- YOUR TASK -
All pictures are to be excluded when the data below is output verbatim.

- THE DATA -

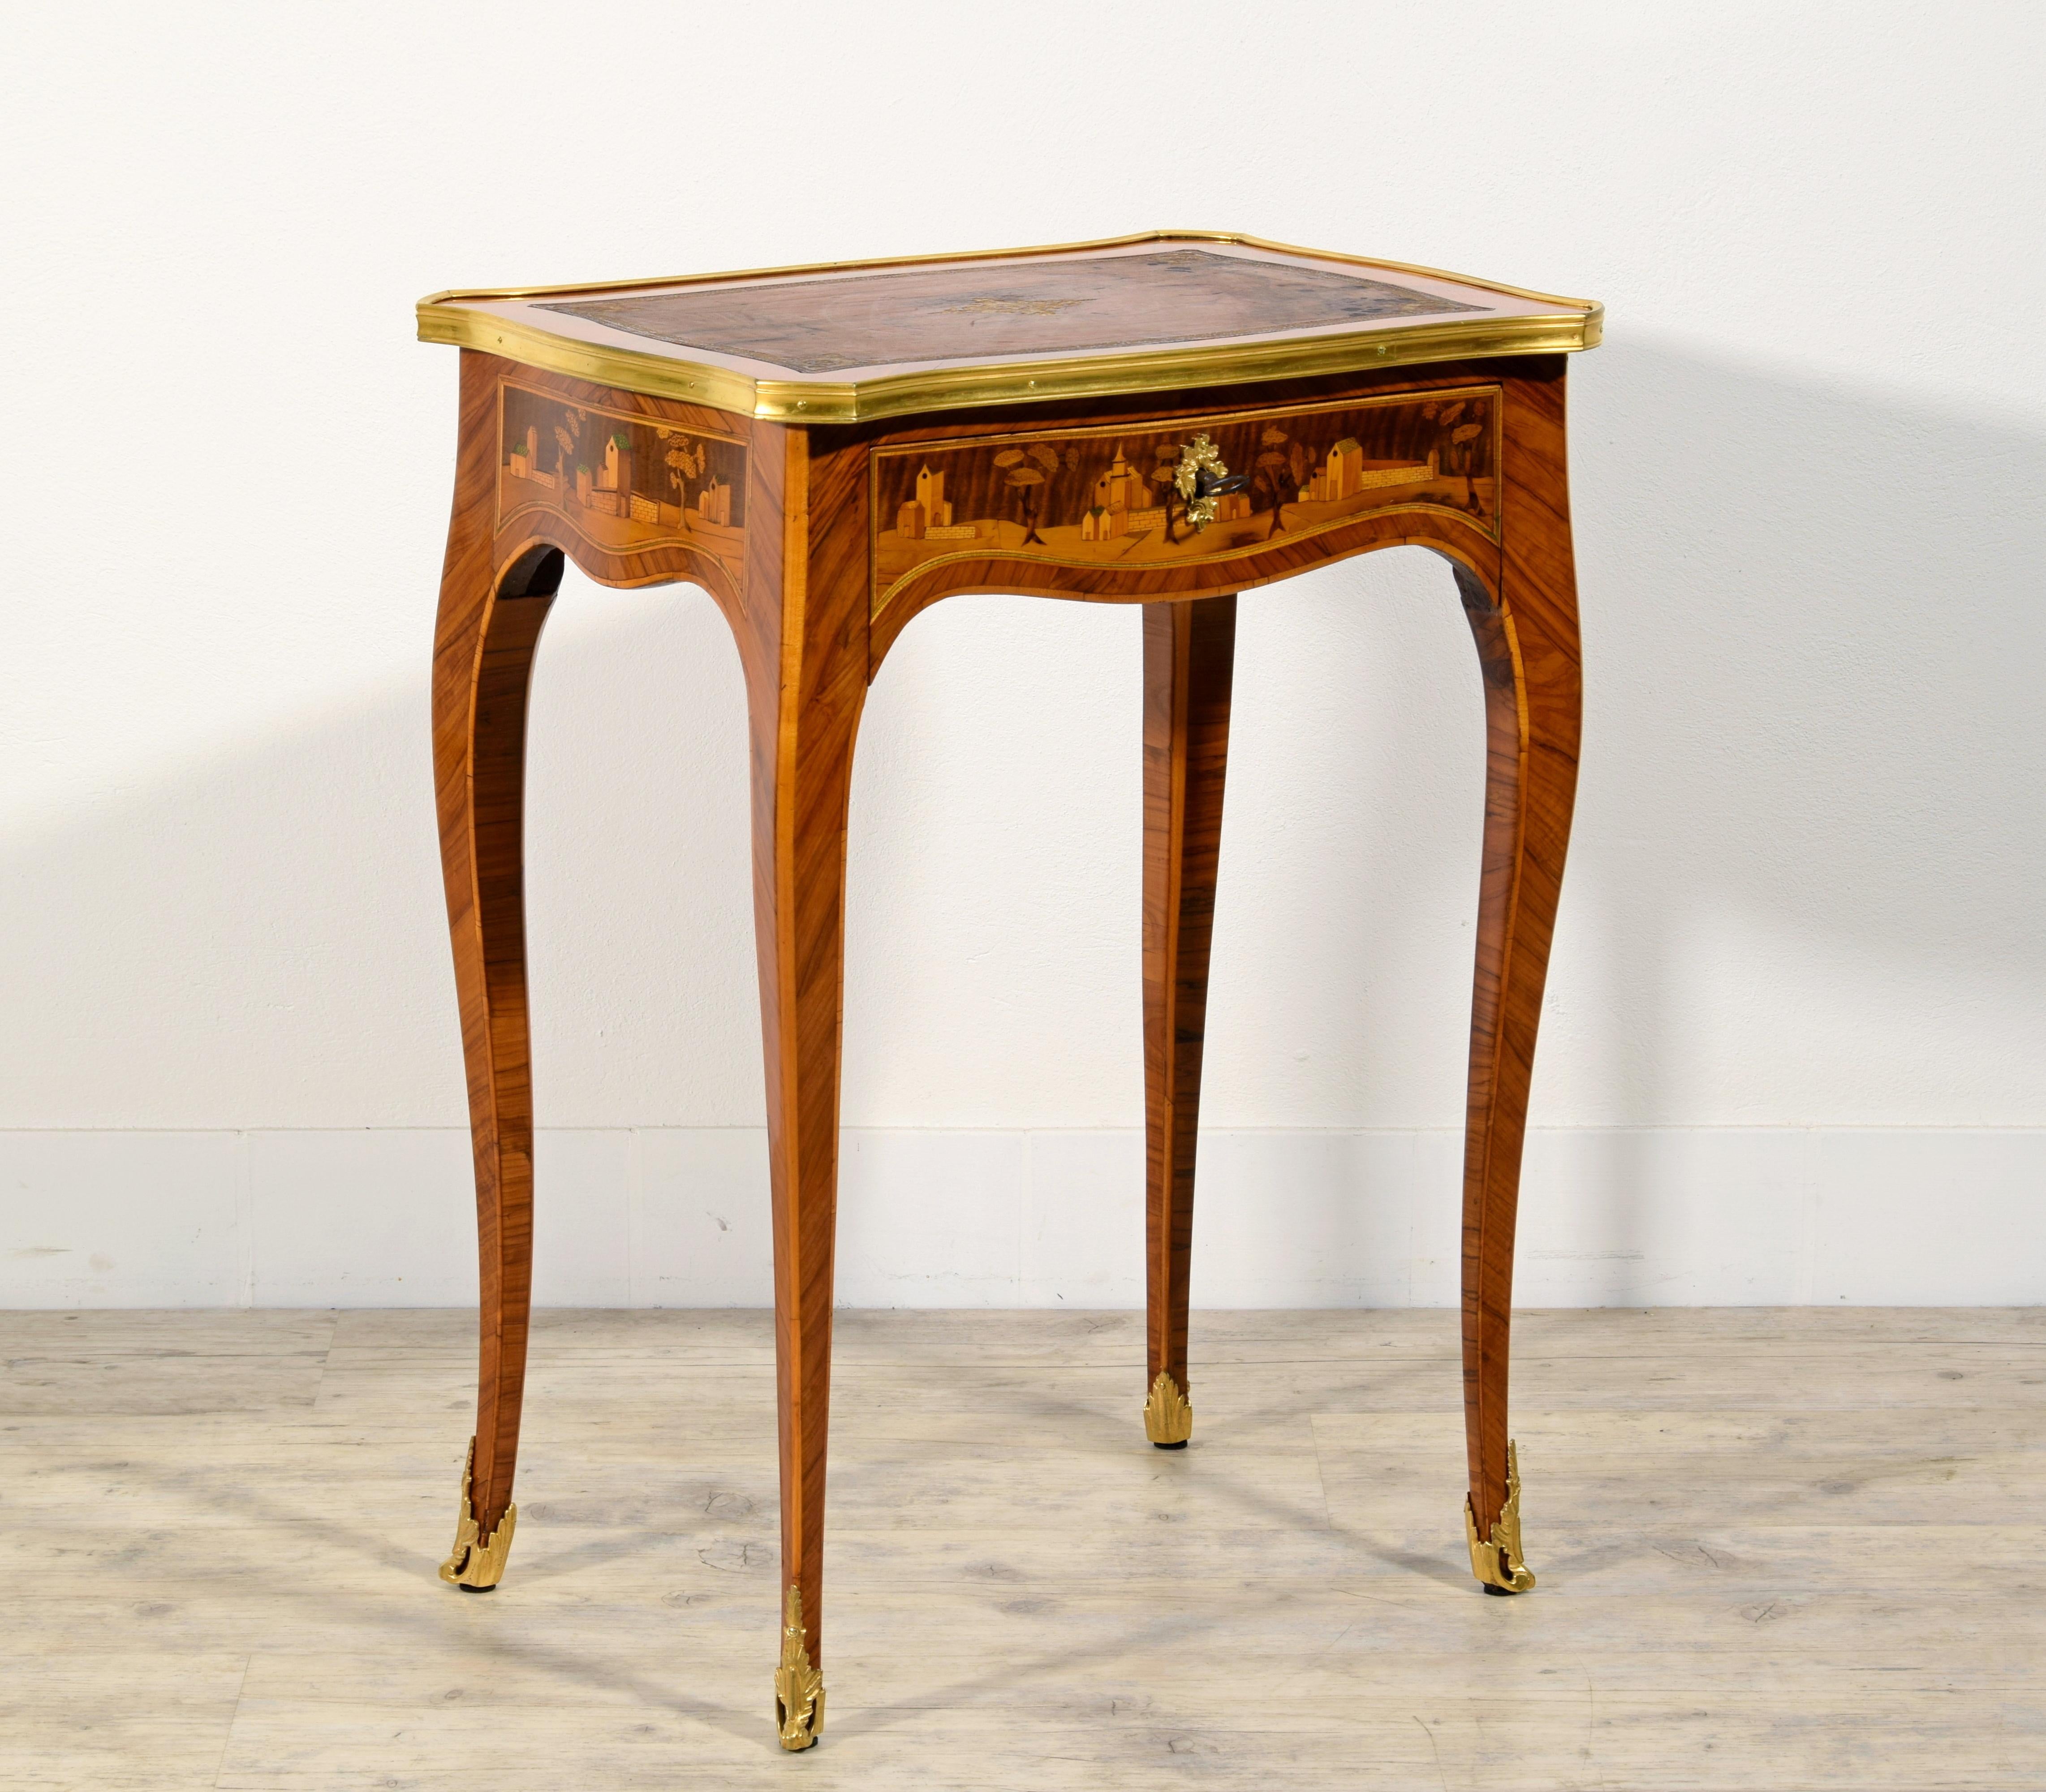 19th Century, France inlaid wood centre table 

This elegant centre table in inlaid wood was made in France in the early 19th century.
The rectangular top has shaped and wavy sides bordered by a gilded bronze lingotière. Veneered in wood,
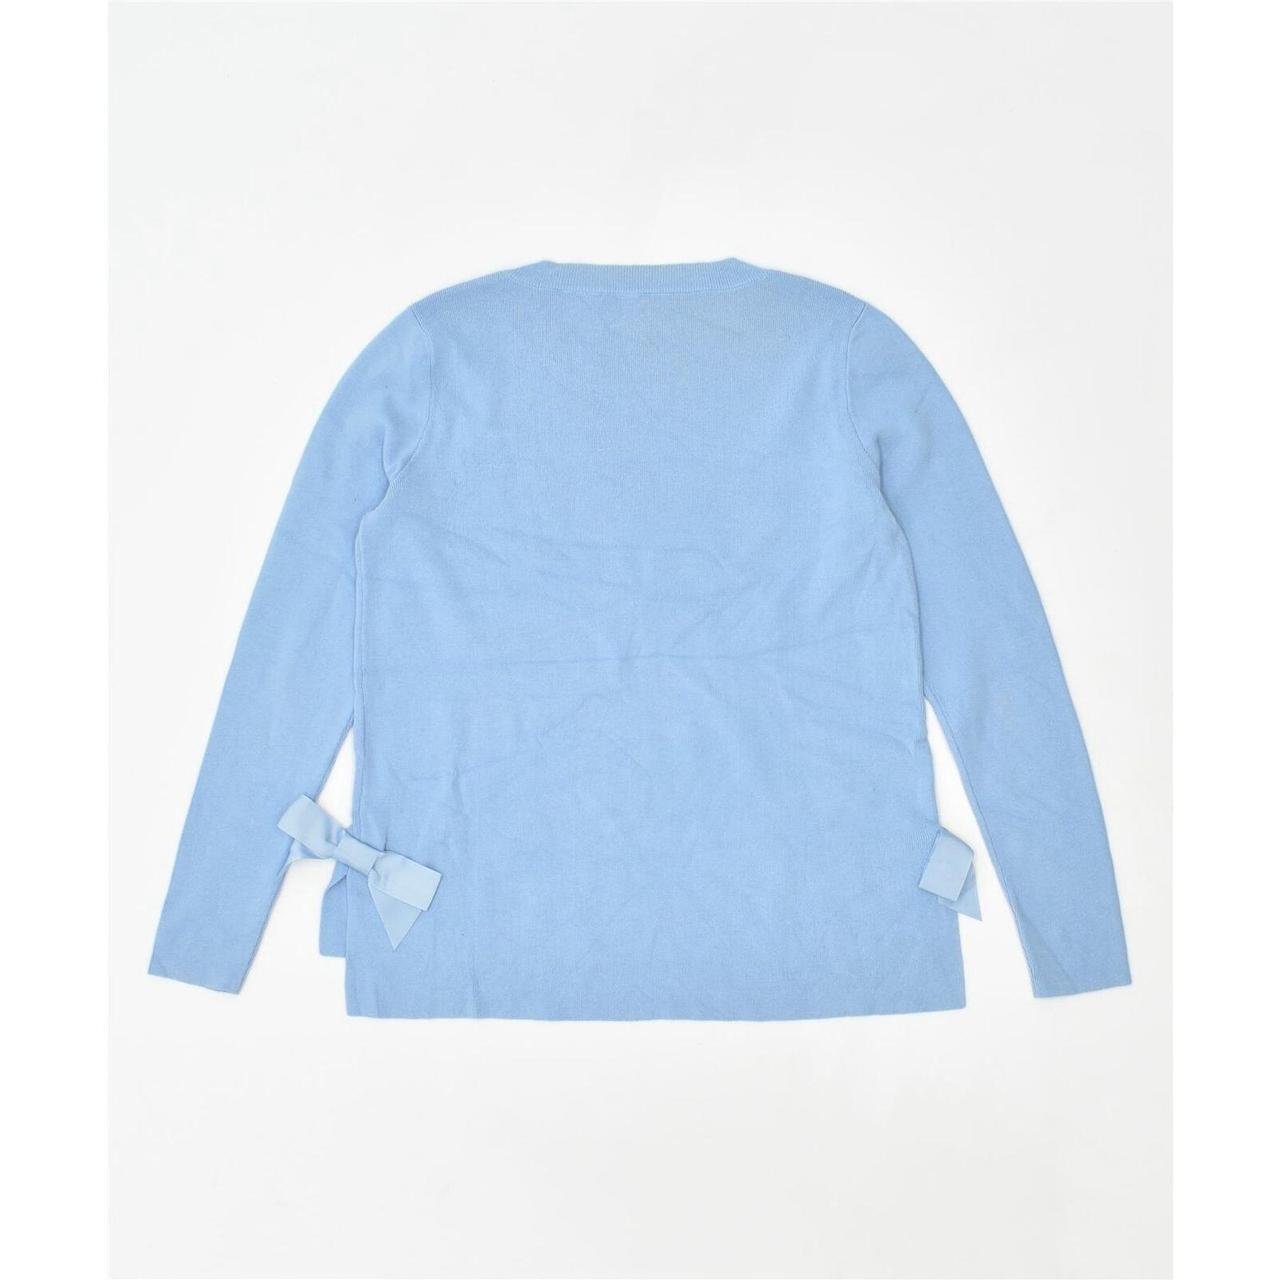 Product Image 2 - OASIS Womens Crew Neck Jumper

- EXERCISE ANSWER -
 19th Century, France inlaid wood centre table 

This elegant centre table in inlaid wood was made in France in the early 19th century.
The rectangular top has shaped and wavy sides bordered by a gilded bronze lingotière. Veneered in wood,
 Product Image 2 - OASIS Womens Crew Neck Jumper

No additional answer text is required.